• Chapter 72: Threshold

    Morning arrived with pale light filtering through his window. Cel’s door opened onto the corridor just as another door down the hall did the same.

    Lior emerged, wheat-blond hair sticking up at odd angles, still rubbing sleep from his eyes. He looked up and his expression shifted immediately - first recognition, then shock so complete it stopped him mid-motion.

    “Cel?” His voice cracked. “What—your throat—“

    Cel’s hand moved automatically to his throat. His fingers found the thin line of dried blood he’d completely forgotten about. The cut wasn’t deep, but it had bled enough during the night to leave a visible mark.

    ‘Shit.’

    “It’s nothing,” he said quickly.

    “Nothing?” Lior crossed the distance between them in three quick strides, eyes wide with something close to panic. “You’re bleeding! Did you—were you trying to—“

    The implication hit a moment before Lior’s voice broke completely on the unfinished question.

    “No.” Cel raised both hands, palms out. “No, it’s not what it looks like. I wasn’t—“

    “Then what happened?” Lior’s sky-blue eyes searched his face desperately.

    The truth was impossible to tell. A lie was needed.

    “I was testing something,” Cel said. The words came out awkward, stilted. “With my artifact. Wanted to see how sharp the edge was.”

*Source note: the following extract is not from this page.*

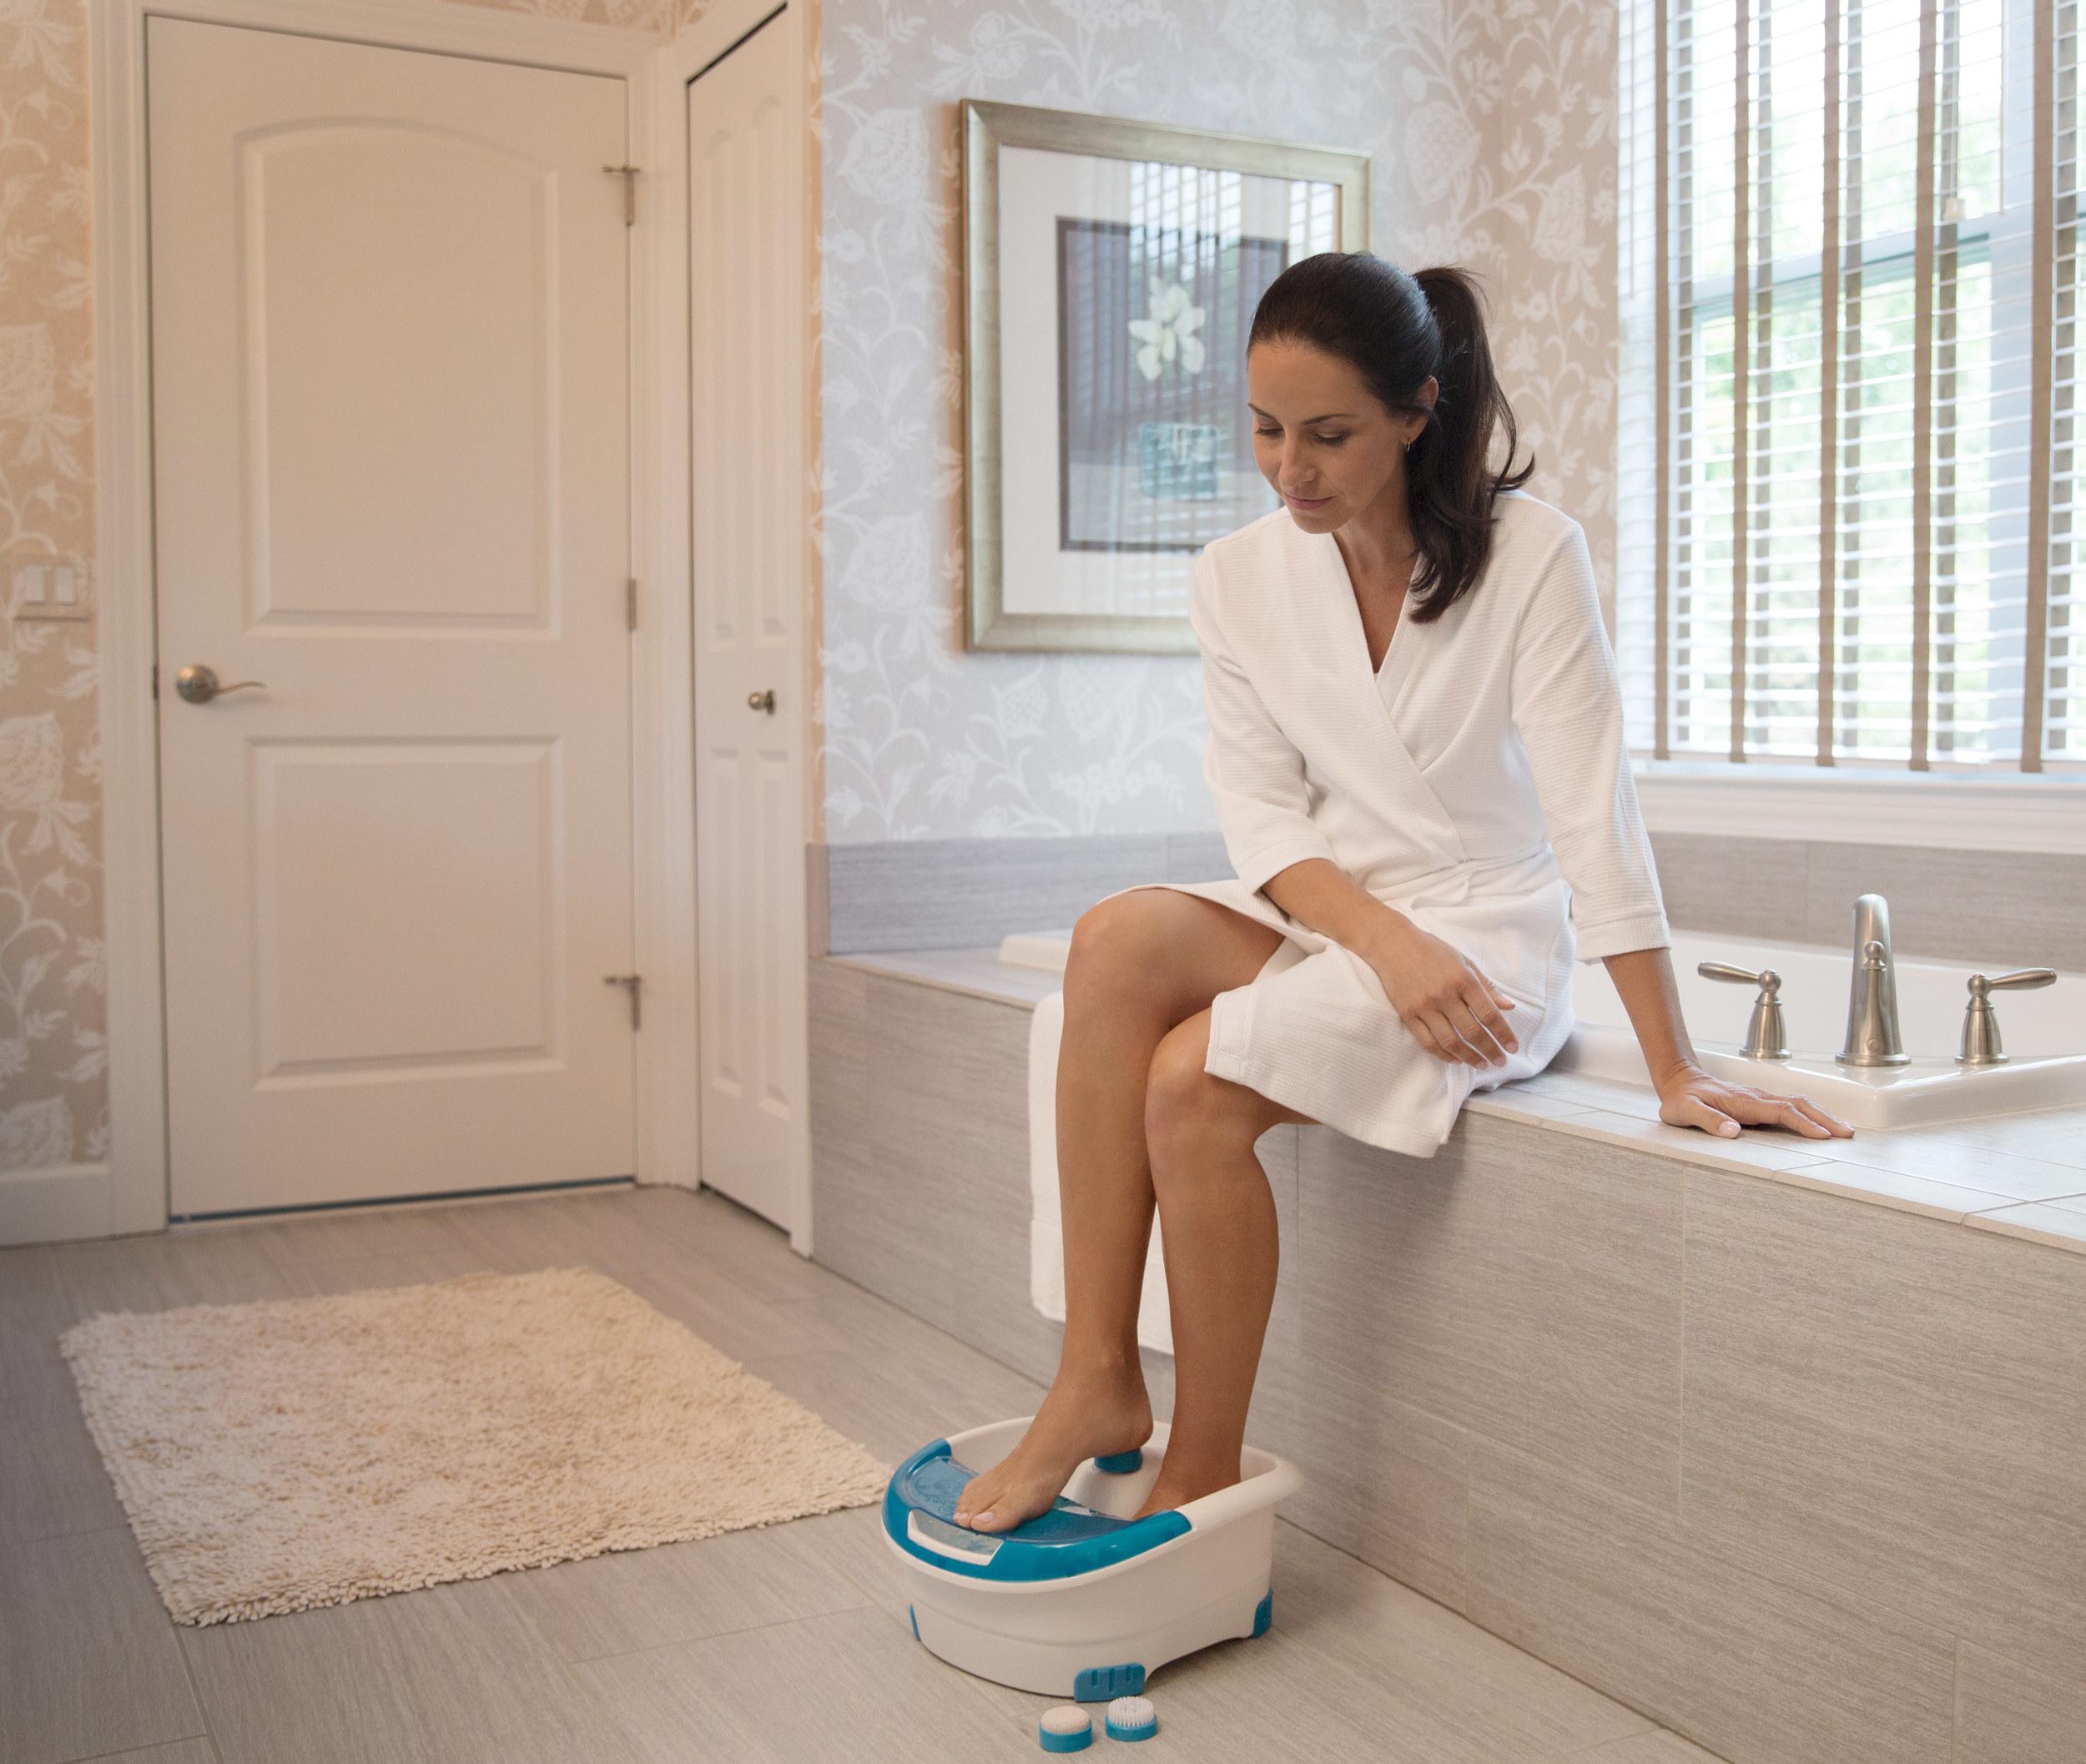 person using a pedicure footbath to soak their feet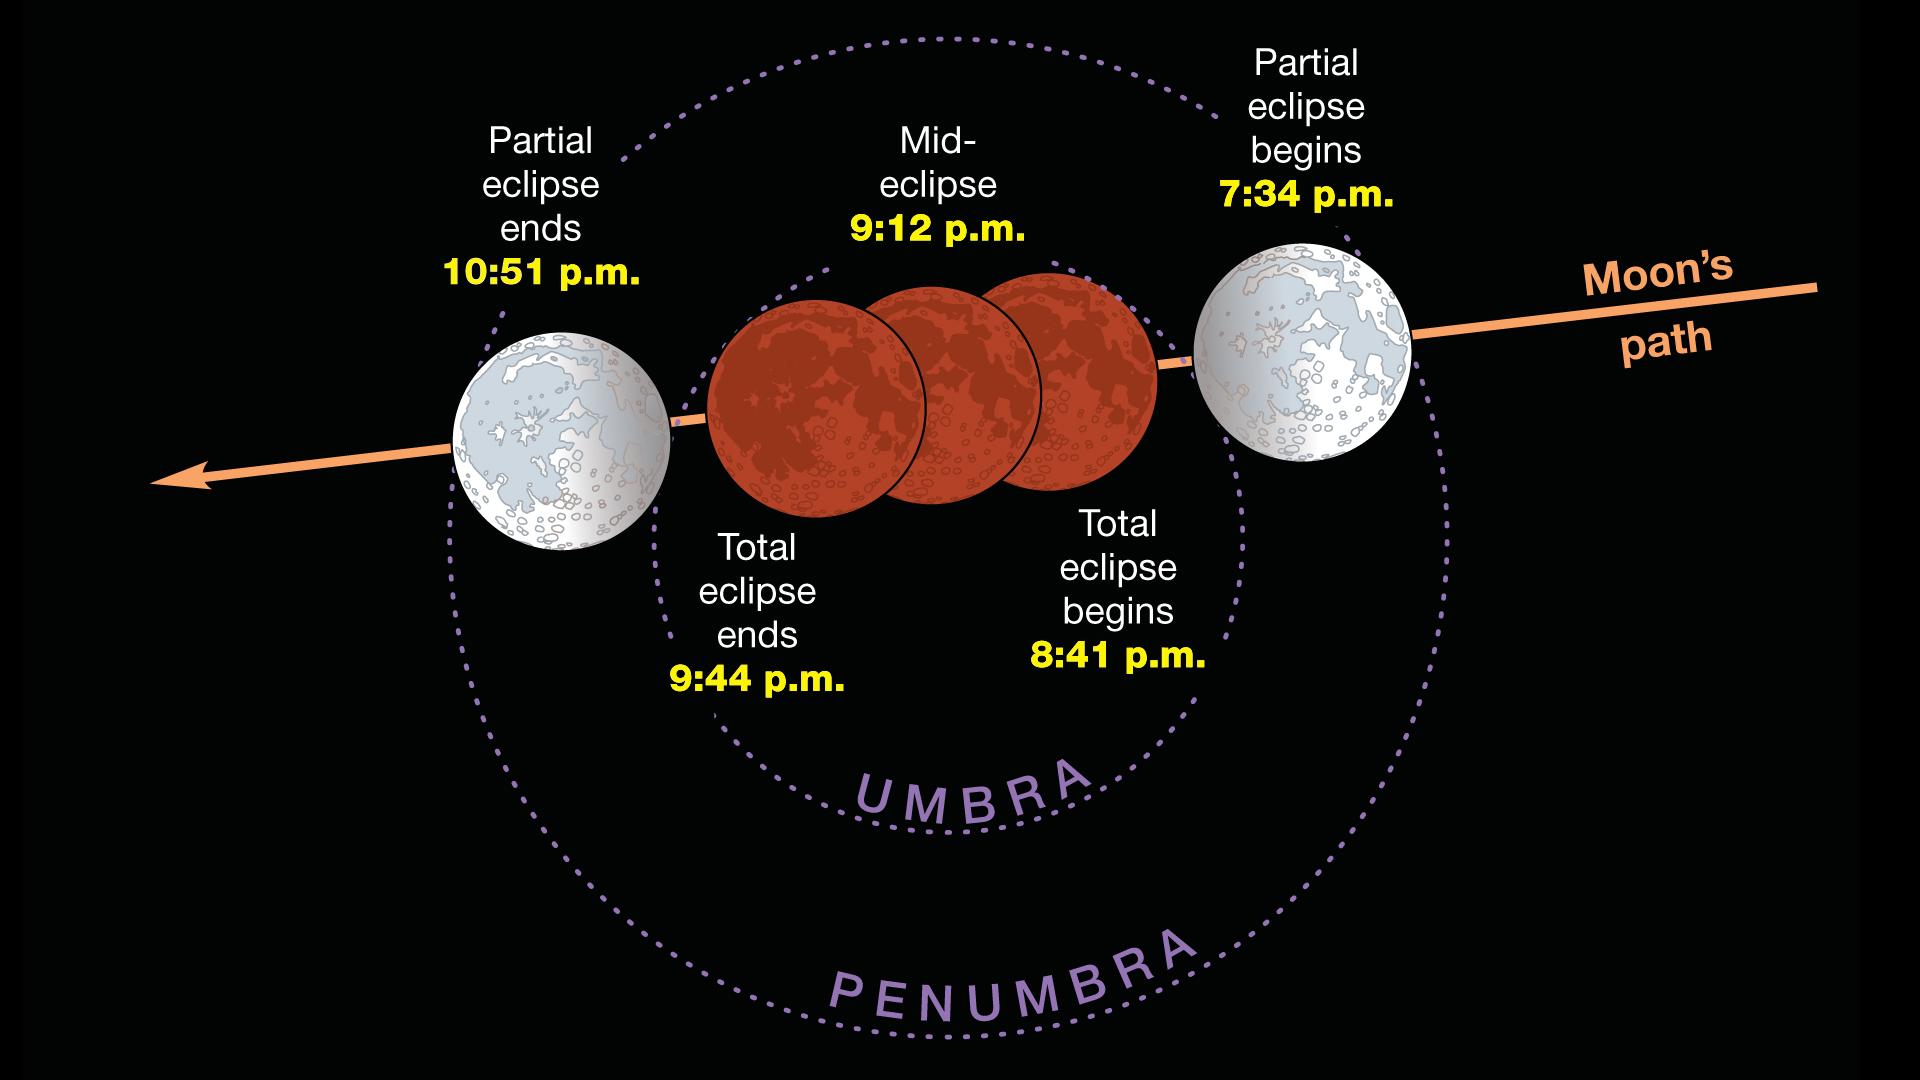 Jan 2019 lunar eclipse HD PST

    Silence stretched for two full heartbeats.

    Then Lior’s expression cycled through confusion, disbelief, and arrived at something that might have been horror.

    “On your throat?!”

    The question came out half-shout, loud enough that a door down the hall opened. Someone peered out, saw them, and quickly retreated back inside.

    “I just—“ Cel scrambled for something to make this seem reasonable. “It seemed like the best way to—“

    “The best way?” Lior stared at him like he’d announced plans to jump off the Academy’s tallest tower. “You put a blade to your own throat to test if it was sharp?”

    When phrased like that, it sounded even worse than Cel had thought.

    “It was controlled,” he tried. “I knew what I was doing.”

    “Controlled.” Lior’s voice had gone flat. “Right. Very controlled. That’s why you’re bleeding.”

    Cel opened his mouth. Closed it again. No explanation was going to salvage this.

    “Look,” he said finally. “I’m fine. It’s barely a scratch. And I learned what I needed to know about the blade’s edge, so—“

    “You’re insane.” Lior shook his head slowly. “Completely insane.”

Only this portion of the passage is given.